There are also differences between how unrequited love is dealt with in the two ages. In the former case, unfulfilled love represented the greatest tragedy of the characters; in the latter period, it became a reason for obsessive behavior. Dilip Kumar in Devdas and Andaz, Raj Kapoor in Teesri Kasam, Waheeda Rahman in Khamoshi were characters who lost their loves. These tragic images contrast sharply with Shah Rukh Khan in Darr, Anjam and Dilwale Dulhaniya Le Jayenge and Imran Hashmi in Murder. The succinct sense of tragedy in the age of liberalization is replaced by unrequited love turning into an obsession. Clearly, the sorrow of the age of liberalization is no longer in relationships but in success or failure. Hence when Karz, a film made in 1980 was revisited by yet another film called Om Shanti Om in 2007, the character, unlike in Karz was less pained by his wife’s betrayal and instead felt humiliated because he was never given a chance to become a hero in films. The pain of neo-liberal cinema is not of relationships but of victory and defeat, where relationships are trophies to be savoured. This is why when Karz was remade in 2008 along the lines of the original film in 1980, it fell flat, because relationships no longer define individuals at present than what they used to do. The difference is due to the way individuals and the various constraints on them have been redefined in liberalization.
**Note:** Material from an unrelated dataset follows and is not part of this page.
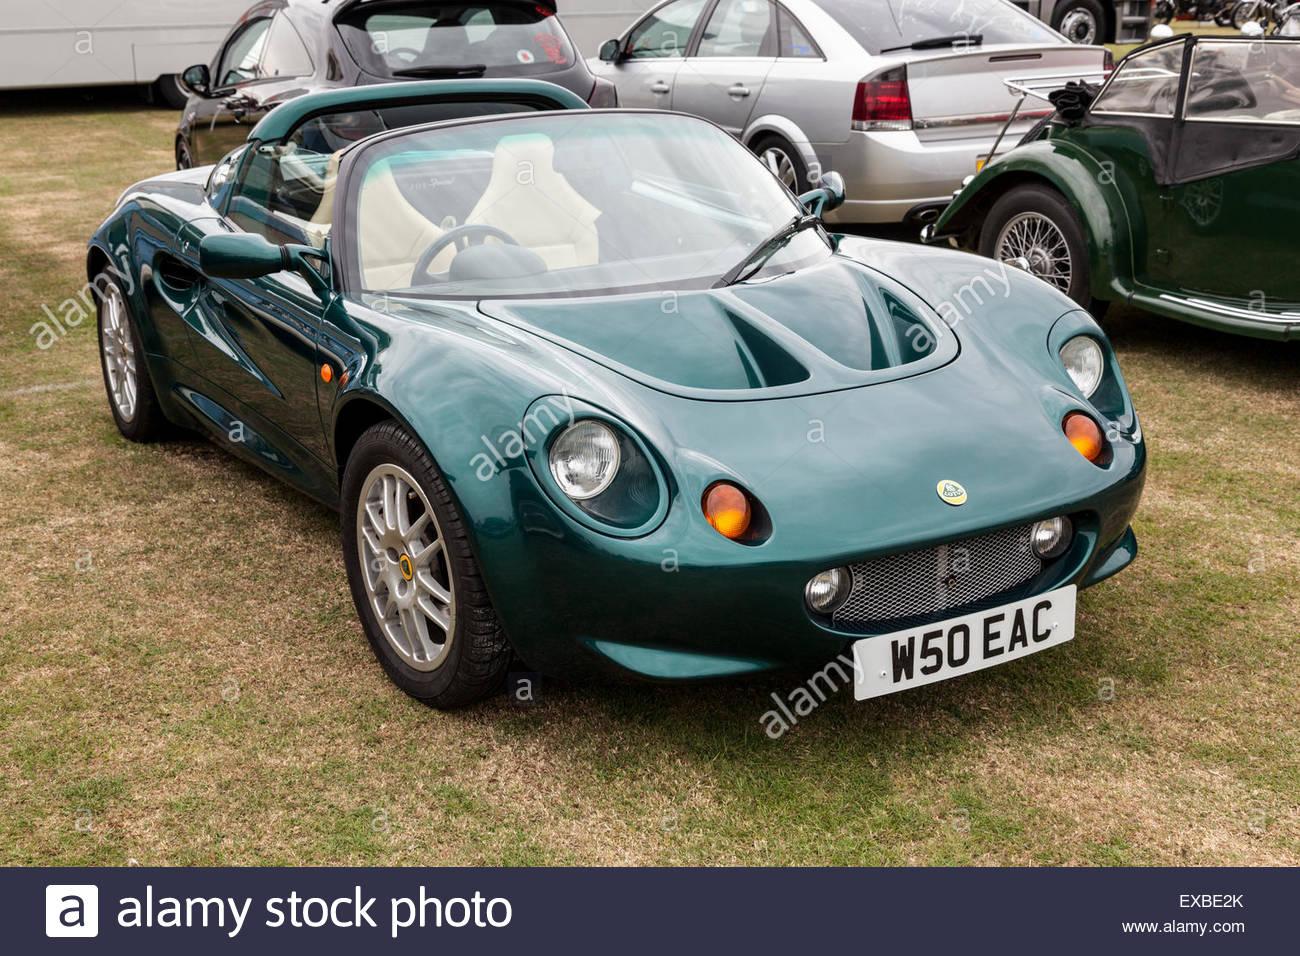 Lotus Elise Sports Car - Stock Image

One of the greatest fall out of neo liberalism’s freeing of the individual from her ties that bind is the rise of Aamir Khan’s brand of films namely Taare Zameen Par and 3 Idiots where the pain of our times have been located and articulated, namely in success and failure. Both such films are about succeeding or not succeeding and the pains of failure. Similarly, in Chak De India, the protagonist, the hockey coach, once again played by Shah Rukh Khan is pained at not only failing to win the gold medal in the World Cup but also being branded as a minority. Failure to win and non performance constitutes his tragedy and not relationships.
The change in the nature of tragedy in cinema reflects the change in the priorities of the society. Indeed, not love nor passion drives people in neoliberalism, but the pursuit of success. This makes the entertainment cinema lose what we had always known as its formula. The formula of the Hindi cinema was about individual agency, efforts of the human beings to overcome their constraints and move towards their goals, the goals being defined by the large body of intertextually related works produced under the banner of commercial cinema from studios of Mumbai and Chennai. The fact of goals being defined and created by the interrelatedness of works towards which individuals must progress and thus insisting on a Hegelian linearity of character consistent protagonists of cinema can only be the formula of a society which is limited but certain in its outcomes. The Hindi cinema thus develops through its protagonist, a critique of the entrenched powers of the society and a theory of constraints that do not allow individuals to climb up social ladders despite the Constitution of Independent India mandating an open society with equal opportunities for all. Needless to say that the Hindi cinema was born out of the Freedom Struggle when the nation was imagined as a universal space in which individuals would exist as individuals beyond those socio-economic particularities of class, caste and creed that defined them and constrained their life chances. The individual was to become free under the aegis of a panoptic State and hence should fight her/his traditions that promoted superstitions, prejudices and preconceptions. The Hindi film critiqued the society from the standpoint of a rationalist, secular and humanist discourse with large supplements of socialistic ideals of equality and redistribution.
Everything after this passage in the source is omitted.